I have a rest API in Springboot using Hikari for connection pooling. Hikari is used with default configurations (10 connections in the pool, 30 sec timeout waiting for a connection). The API itself is very simple

  1. It first makes a JPA repository query to fetch some data from a PostgresDB. This part takes about 15-20milliseconds.
  2. It then sends this data to a remote REST API that is slow and can take upwards of 120seconds.
  3. Once the remote API responds, my API returns the result back to the client. A simplified version is shown below.
    public ResponseEntity analyseData(int companyId) {
        Company company = companyRepository.findById(companyId);//takes 20ms
        Analysis analysis = callRemoteRestAPI(company.data) //takes 120seconds
       return ResponseEntity.status(200).body(analysis);

    }

The code does not have any @Transactional annotations. I find that the JDBC connection is held for the entire duration of my API (i.e ~ 120s). And hence if we get more than 10 requests they timeout waiting on the hikari connection pool (30s). But strictly speaking my API does not need the connection after the JPA query is done (Step 1 above).

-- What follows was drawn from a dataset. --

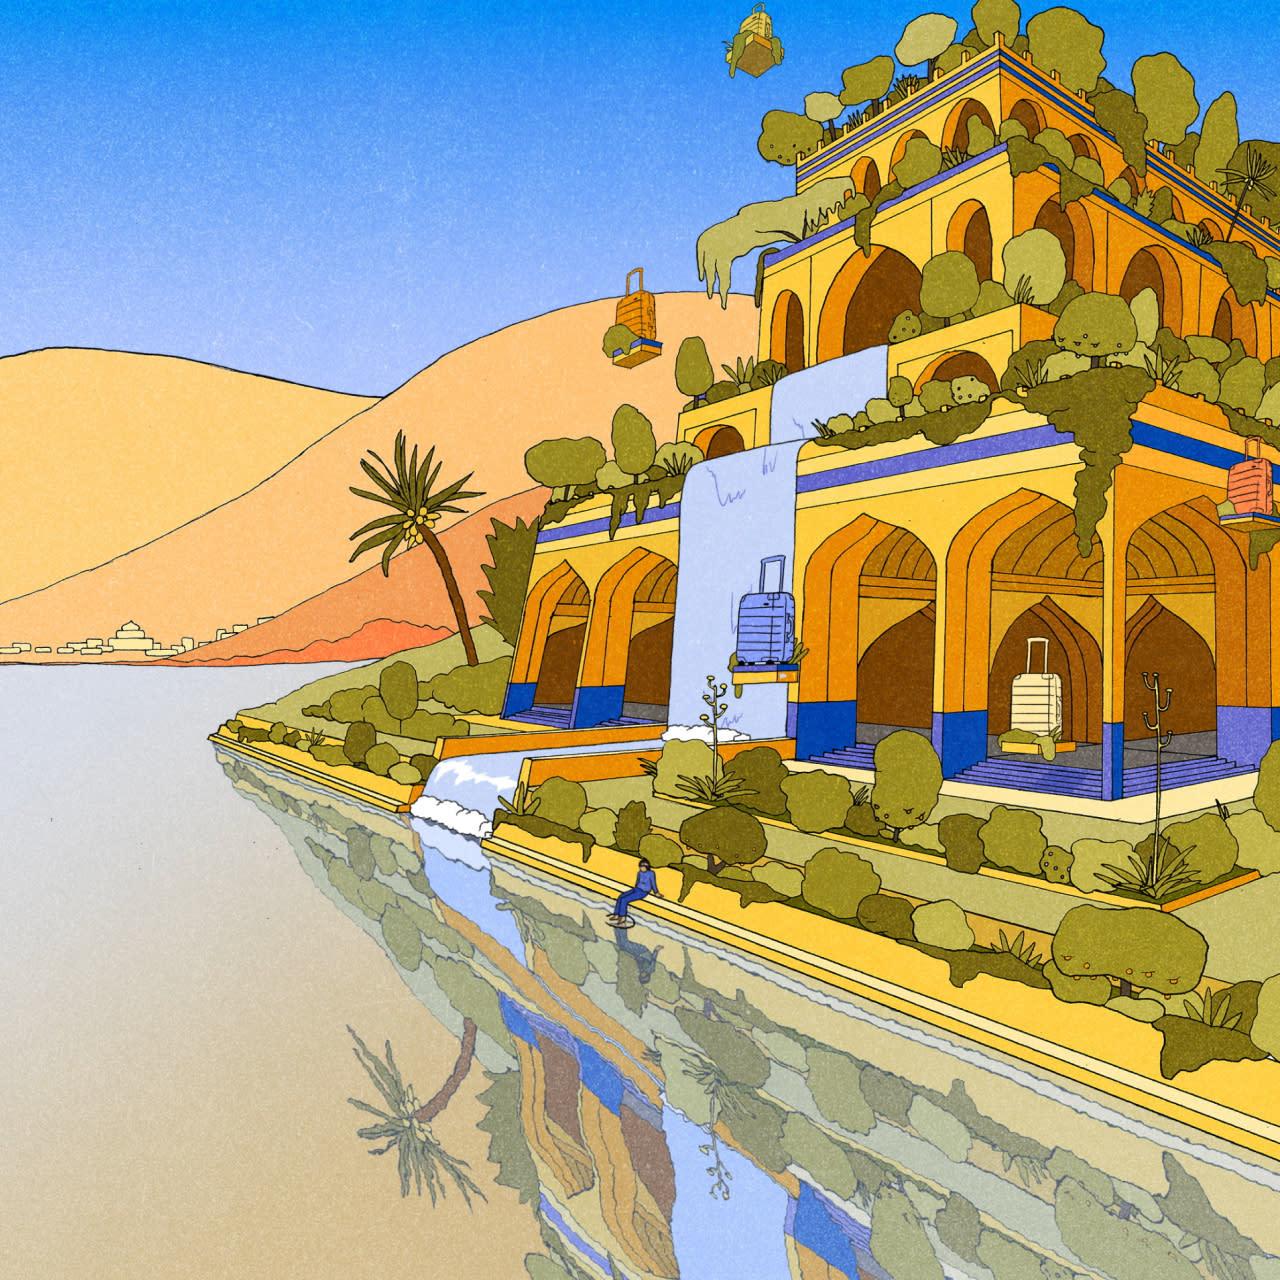 Illustrated Hanging Gardens of Babylon
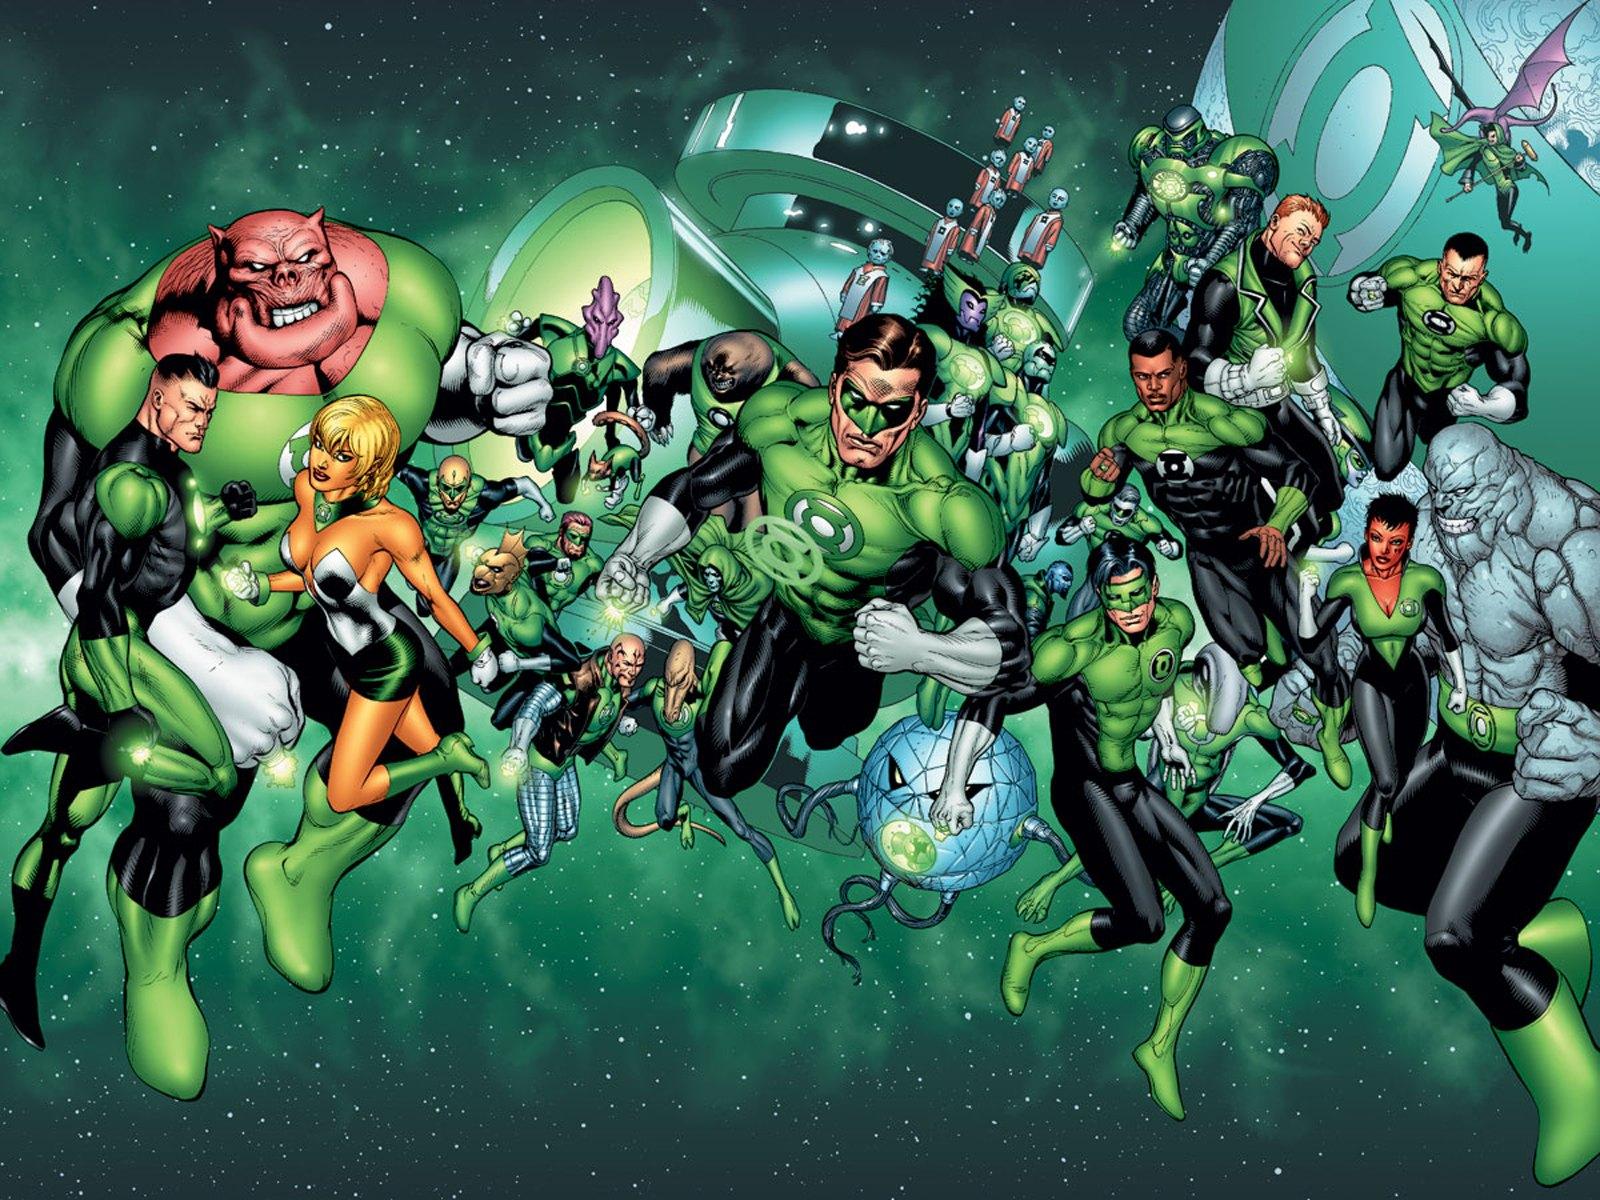 Green Lantern Corps - DC Comics

Is there a way to get spring to release this connection immediately after the query instead of holding it till the entire API finishes processing ? Can Spring be configured to get a connection for every JPA request ? That way if I have multiple JPA queries interspersed with very slow operations the server throughput is not affected and it can handle more than 10 concurrent API requests. .

like image 271
user1280213 Avatar asked Sep 08 '25 13:09

user1280213


1 Answers

Essentially the problem is caused by the Spring OpenSessionInViewFilter that "binds a Hibernate Session to the thread for the entire processing of the request" This essentially acquires a connection from the pool when the first JPA query is executed and then holds on to it till the request is processed.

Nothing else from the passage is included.